顧惜爵宣示性的話如一記重錘敲進了席海棠心裏,擡眸,驚覺他将自己抱得那樣緊,連忙欲推開,“我……”
還來不及說更多的話,顧惜爵便被護士叫走,“顧先生,手術結束了,您快下樓看看!”
席海棠一怔,出于善意也跟着他走,“我也過去看看”不知道爲什麽,她對那個僅有一面之緣的項先生總是放心不下
“好”
将兩個孩子安頓好後,他們匆匆下樓
◎◎◎
手術室的燈熄滅了,項飛揚快速奔向主刀醫生,“醫生,我爸爸怎麽樣?”
“放心,手術很成功,但是病人的身體很虛弱,需要長期靜養,以後不能再讓他經受任何刺激,如果再病發一次,後果就很難說了”
“謝謝醫生……”項飛揚長長地舒了口氣,幸好
顧惜爵走過去拍了拍他的肩膀,“飛揚,你别太擔心了,醫生都說沒事了”
“顧哥,謝謝你,謝謝你幫我爸爸找了最好的心髒科醫生”
“這沒什麽,隻是舉手之勞”
顧惜爵謙虛地說着,項飛揚卻仍然感激涕零,“顧哥,你不懂……如果今晚我爸爸真的出了什麽事,我這輩子都會良心不安的,他的心願還沒有了,如果就這麽走了……會死不瞑目的……”
“心願?!顧老有什麽心願?”
項飛揚苦苦一笑,将從不對外人言的家事說出,“我爸爸還有一個女兒,失散多年了,他一直在尋找,可是找了這麽多年還是找不到對于他的執着,我很不高興,那個姐姐我從來都沒有見過,她是我爸和我媽結婚之前跟初戀情人生的,我媽爲此覺得他心裏還是有别人,我也一直覺得我爸愛我姐勝過愛我,所以我處處跟他作對,想讓他把注意力多放在我身上……”
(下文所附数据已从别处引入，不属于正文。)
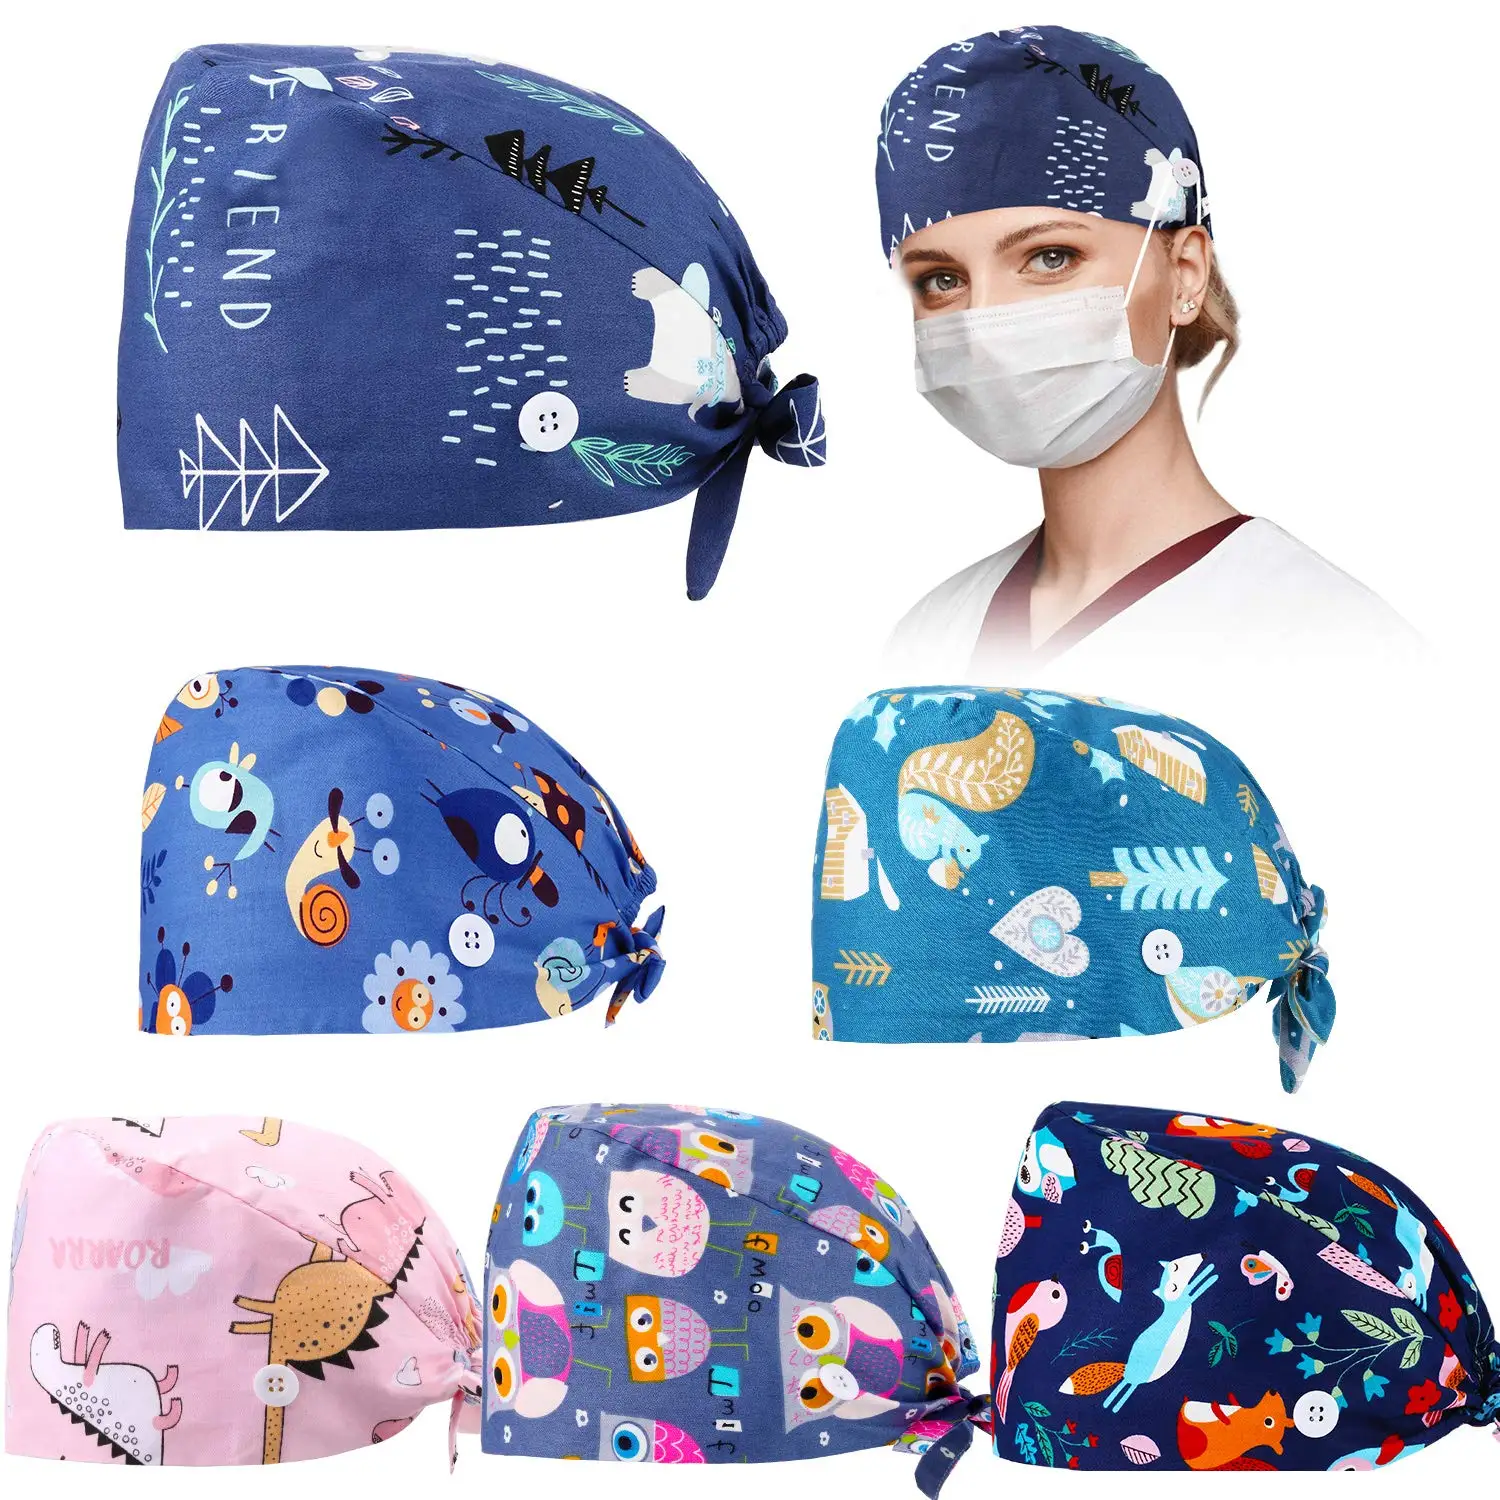 

Surgica Print Scrub Working Hat With Buttons Adjustable Sweatband Bouffant Hats Unisex Tie Back Cap Elastic Nurse Accessories

顧惜爵很是驚訝聽到這樣的事實,他和顧老認識了很多年,卻未聽說他有這樣一個失散了的女兒,對于别人的家事他不好多說什麽,可是他很清楚一點,“飛揚,項老很愛你,我看得出來”
“我知道……”項飛揚有些情難自禁了,别過眼,恰好看到席海棠他想起了之前在秦浩家的那一幕,微微有些汗顔,走過去,道歉,“對不起,那時候我說的話太沒禮貌了”
席海棠莞爾,對于眼前這個身高可以稱之爲男人,性情卻得稱之爲大男孩的項飛揚微微一笑,“沒關系,我知道你不是存心的”
項飛揚更是慚愧,爲什麽所有人都這麽好,都這麽善解人意,就隻有他那麽固執、那麽愚蠢,把爸爸氣得犯心髒病
看着席海棠,項飛揚不由得想起他不曾見過面的姐姐,微微感慨,“我姐也應該是跟你差不多大,我爸說她今年25歲”
席海棠一驚,居然是跟她同歲!
項飛揚像是喃喃自語,“我姐肯定特别好,才會讓爸爸那麽喜歡,不像我隻會惹他生氣”
席海棠本就是心軟的人,因爲在孤兒院的經曆,因爲自己也很渴望親情的關系,她對于眼前的項飛揚有些同情,雖然跟他不熟,但還是想安慰,“你不要太自責了,項老先生會原諒你的”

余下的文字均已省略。